Revestimiento vinílico: es un gasto excesivo para un dormitorio seco que solo querés pintar de otro color. Reservá su costo para donde de verdad aporta: agua y desgaste.

Cómo sacar el número real

Los precios de pintura, papel y vinílico varían enormemente por marca, calidad y momento del año, así que no tiene sentido dar cifras fijas. Lo que sí podés hacer es medir tus paredes en m² y calcular cuántos litros/latas de pintura o cuántos rollos de papel necesitás, y multiplicar por el precio que a vos te cotizan hoy. Ese es el único número que importa para tu decisión.

Preguntas frecuentes

¿Es más barato pintar o empapelar?
En general pintar es más barato por metro cuadrado en materiales, sobre todo si la pared está sana y la hacés vos. Empapelar suma el costo del papel, la cola y muchas veces la mano de obra de un colocador. Para saber la diferencia exacta en tu caso, calculá los litros de pintura y los rollos de papel que necesitás y multiplicá por los precios que te cotizan hoy.
¿Cuántos años dura un empapelado?
Un empapelado de buena calidad y bien colocado dura entre 8 y 12 años. Los modelos vinílicos lavables pueden llegar a 15 años. La duración baja mucho si hay humedad en la pared o si el papel es económico y se coloca con burbujas o mal pegado.
¿Puedo empapelar sobre una pared pintada?
Sí, siempre que la pintura esté firme, sin descascararse y la pared esté lisa y limpia. Conviene lijar levemente las superficies muy satinadas para que la cola agarre mejor. Si la pintura está saltada o hay humedad, hay que reparar la pared antes, porque el papel va a copiar esos defectos y se puede despegar.
¿Qué conviene en una cocina o baño con humedad?
Para zonas húmedas o con salpicaduras conviene revestimiento vinílico o papel vinílico lavable, que resisten el agua y se limpian con un trapo. La pintura común y el papel tradicional se arruinan con el vapor. Si igual querés pintar, usá pintura antihumedad o de baño y cocina, y ventilá bien el ambiente.
¿Es difícil sacar el papel tapiz después?
Sacar papel viejo puede dar trabajo: hay que humedecerlo o usar vapor para despegarlo, y después bachear y lijar la pared antes de pintar o volver a empapelar. Por eso la pintura es más reversible: si te cansás del color, pintás encima.
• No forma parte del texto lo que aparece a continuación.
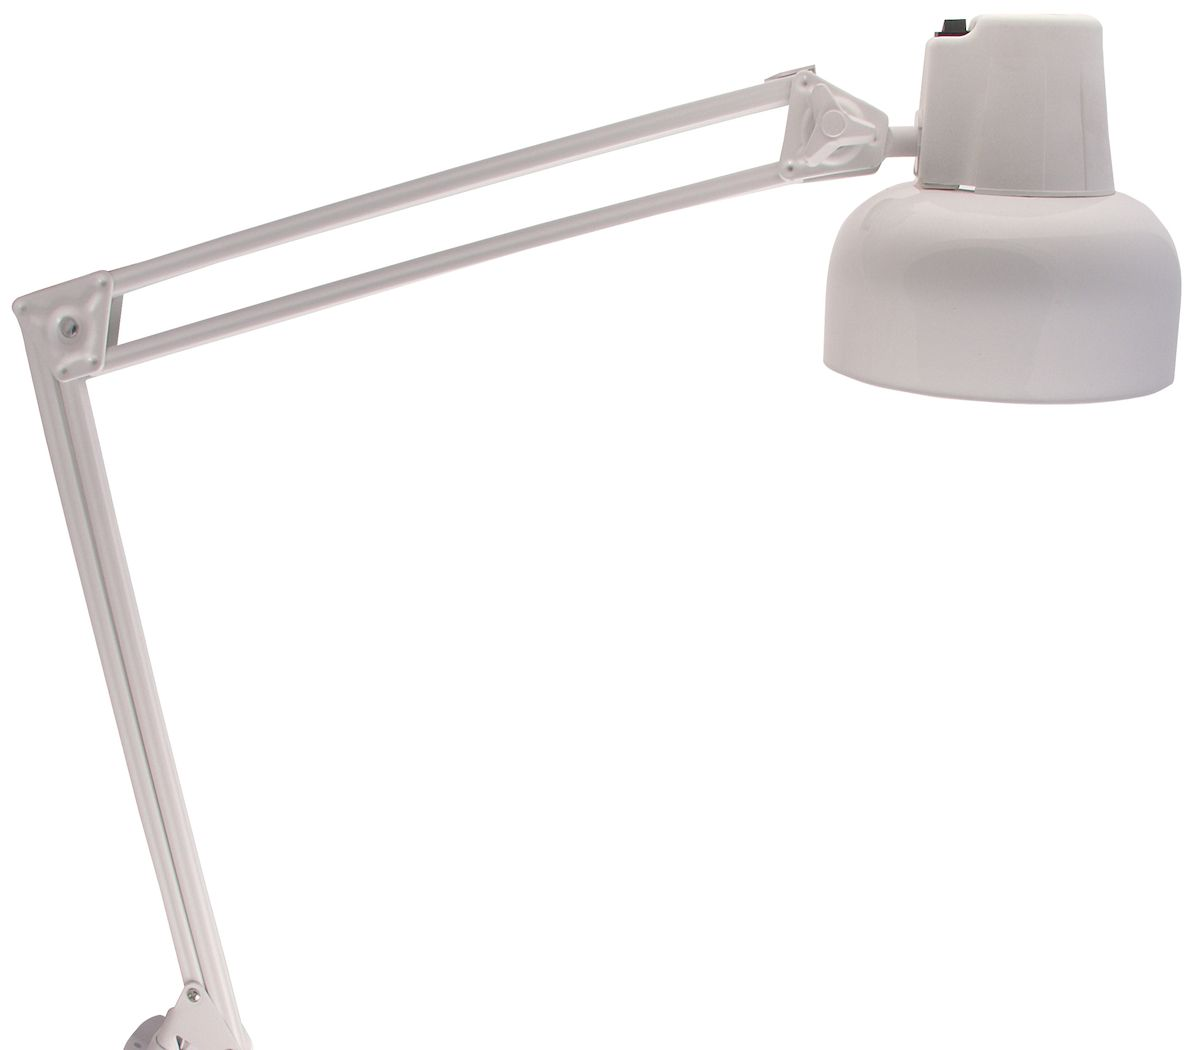 Светильник Трансвит Бета, на струбцине, цвет: белый4607053880243Светильник Бета 60W Е27 на струбцине (белый) Цоколь Е27, максимальная мощность лампы 60 W, крепление на струбцине.

Si pensás cambiar de decoración seguido, tenelo en cuenta.
¿Cuánta pintura necesito para una pared?
Depende de los metros cuadrados de la pared, del rinde del producto (que figura en la etiqueta) y de la cantidad de manos, que suelen ser dos o tres. Medí alto por ancho de cada pared, restá aberturas grandes y usá la calculadora de pintura por m² para estimar litros y latas antes de comprar.
¿El revestimiento vinílico se puede colocar uno mismo?
Las versiones autoadhesivas para superficies chicas (un frente de mesada, un sector del baño) se pueden colocar uno mismo con paciencia y una espátula para sacar el aire. Para paredes grandes conviene un colocador, porque emparejar los paños y las juntas sin que se noten requiere práctica.
¿Combina pintar algunas paredes y empapelar otras?
Sí, es una de las combinaciones más usadas: se pinta la mayor parte del ambiente y se empapela una sola pared para destacarla. Así el costo del papel es bajo (una pared) y lográs el efecto decorativo sin encarecer todo el trabajo. Es una buena forma de equilibrar presupuesto y estética.